- UK film poster
- Directed by: Anthony Kimmins
- Written by: Anthony Kimmins
- Produced by: Basil Dean Jack Kitchin
- Starring: George Formby Polly Ward Jack Hobbs
- Cinematography: Ronald Neame Gordon Dines
- Edited by: Ernest Aldridge
- Music by: Ernest Irving
- Production company: Associated Talking Pictures
- Distributed by: ABFD
- Release dates: November 1938; 9 December 1940 (New York);
- Running time: 87 minutes
- Country: United Kingdom
- Language: English

= It's in the Air (1938 film) =

It’s in the Air is a 1938 British comedy film written and directed by Anthony Kimmins and starring George Formby, Polly Ward and Jack Hobbs. The film was released in the United States with the alternative title George Takes the Air in 1940. The film depicts Great Britain's preparations for war with ARP warden training, mock air attacks dropping poison gas bombs and the deployment of antiaircraft weapons in the streets.

==Plot==
After George Brown is rejected as an air-raid warden, he wears his brother-in-law's Royal Air Force uniform and realises that his brother-in-law has left behind some very important papers in the pockets. He delivers the despatches to a nearby RAF station, whereupon George is mistaken for a despatch rider from headquarters. Although he becomes the butt of jokes from his corporal, George stays indefinitely at the RAF air base. He soon falls in love with the sergeant major's daughter Peggy, a base NAAFI girl, and when Corporal Craig, who also fancies her, discovers his real identity, he threatens to report George.
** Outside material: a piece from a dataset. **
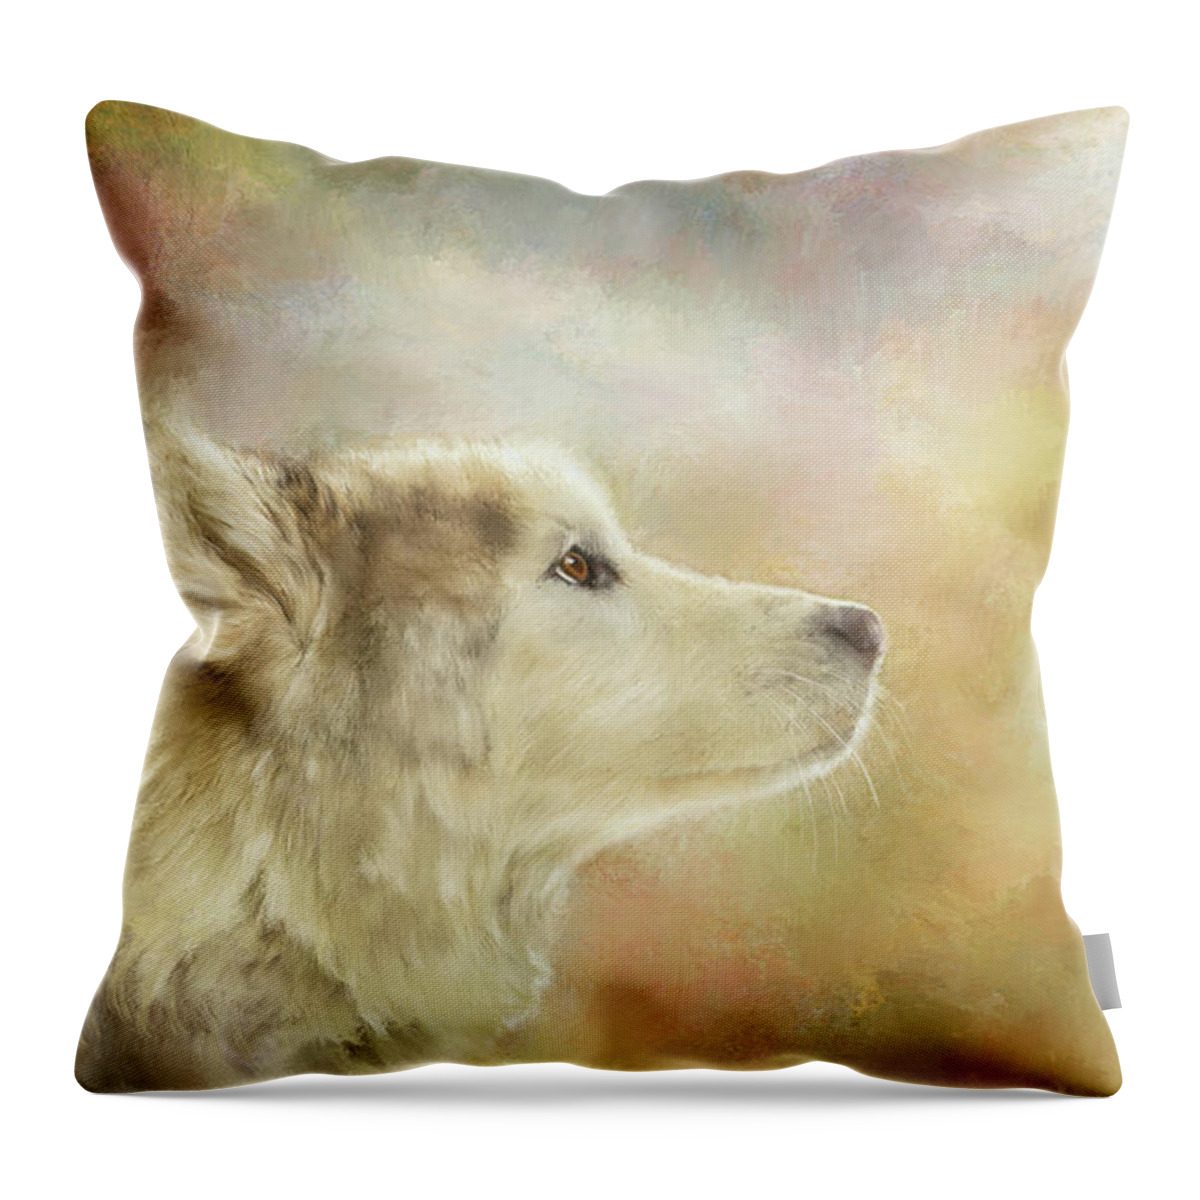 Malamute Throw Pillow featuring the mixed media Akira, the Alaskan Malamute by Colleen Taylor

On the day of an annual inspection, George attempts to escape the base and finds himself in a Hawker Audax aircraft that is being readied for a test flight. While the inspector watches, George's aerial display is memorable and the inspector insists that George should be commended. George manages to land the aircraft and is accepted as a flyer by the RAF.

==Cast==

- George Formby as George Brown
- Polly Ward as Peggy
- Jack Hobbs as Corporal Craig
- Julien Mitchell as The Sergeant Major
- Garry Marsh as Commanding Officer Wing Commander Hill
- Ilena Sylva as Anne Brown
- Frank Leighton as Leading aircraftman Bob Bullock.
- C. Denier Warren as Sir Philip
- Michael Shepley as Adjutant
- Hal Gordon as Nobby Clark, mechanic
- Joe Cunningham as Flight Sergeant
- Jack Melford as Lt. Terry, pilot
- Eliot Makeham as Sir Philip's Gardener
- Esma Cannon as Sir Philip's Maid
- O. B. Clarence as Sir Philip's Gardener
- Philip Godfrey as 2nd. Ambulance Man
- Bryan Herbert as RAF Corporal Organising Concert
- Philip Ray as Airman with Shoe
- John Salew as RAF Radio Operator
- Jack Vyvian as Corporal in Ambulance

==Production==
It’s in the Air was partly produced at the former London Air Park in Feltham, Middlesex. The scenes of the air-raid exercise at the opening of the film are taken from the scenes of an aerial attack in Alexander Korda's Things to Come (1936).

The aircraft featured in It’s in the Air are:
- Hawker Audax (K8334) (K3081)
- Hawker Demon (K3947)
- Armstrong Whitworth Atlas (K1195)
- Blackburn B.2 (G-ADFN), (G-ADLF)
- Bristol Bulldog IIA (K3512)
The film's art direction was led by Wilfred Shingleton.

== Soundtrack ==
- "It's in the Air": Written by Harry Parr-Davies; performed by George Formby and the chorus

- "Our Sergeant Major": Written by George Formby, Harry Gifford and Fred E. Cliffe

- "They Can't Fool Me" Written by George Formby, Harry Gifford and Fred E. Cliffe; performed by George Formby

- "The Bell's of St Mary's": Music by A. Emmett Adams and lyrics by Douglas Furber; performed by an unidentified airman

==Reception==
In a contemporary review for The New York Times upon the film's American release, critic Bosley Crowther called It's in the Air "little more than a decidedly up-to-date slapstick farce" but wrote: "Folks who won't believe that the British are still able to laugh—those Britishers, that is, who dare to enter movie theatres—should catch it, if for no other reason than to bolster their admiration for these doughty island people. ... As a specimen of war-time culture it should not be overlooked."

In his 1984 book Celluloid Wings: The Impact of Movies on Aviation, aviation-film historian James H. Farmer described It’s in the Air as "[f]ast-paced, typically British slapstick humour."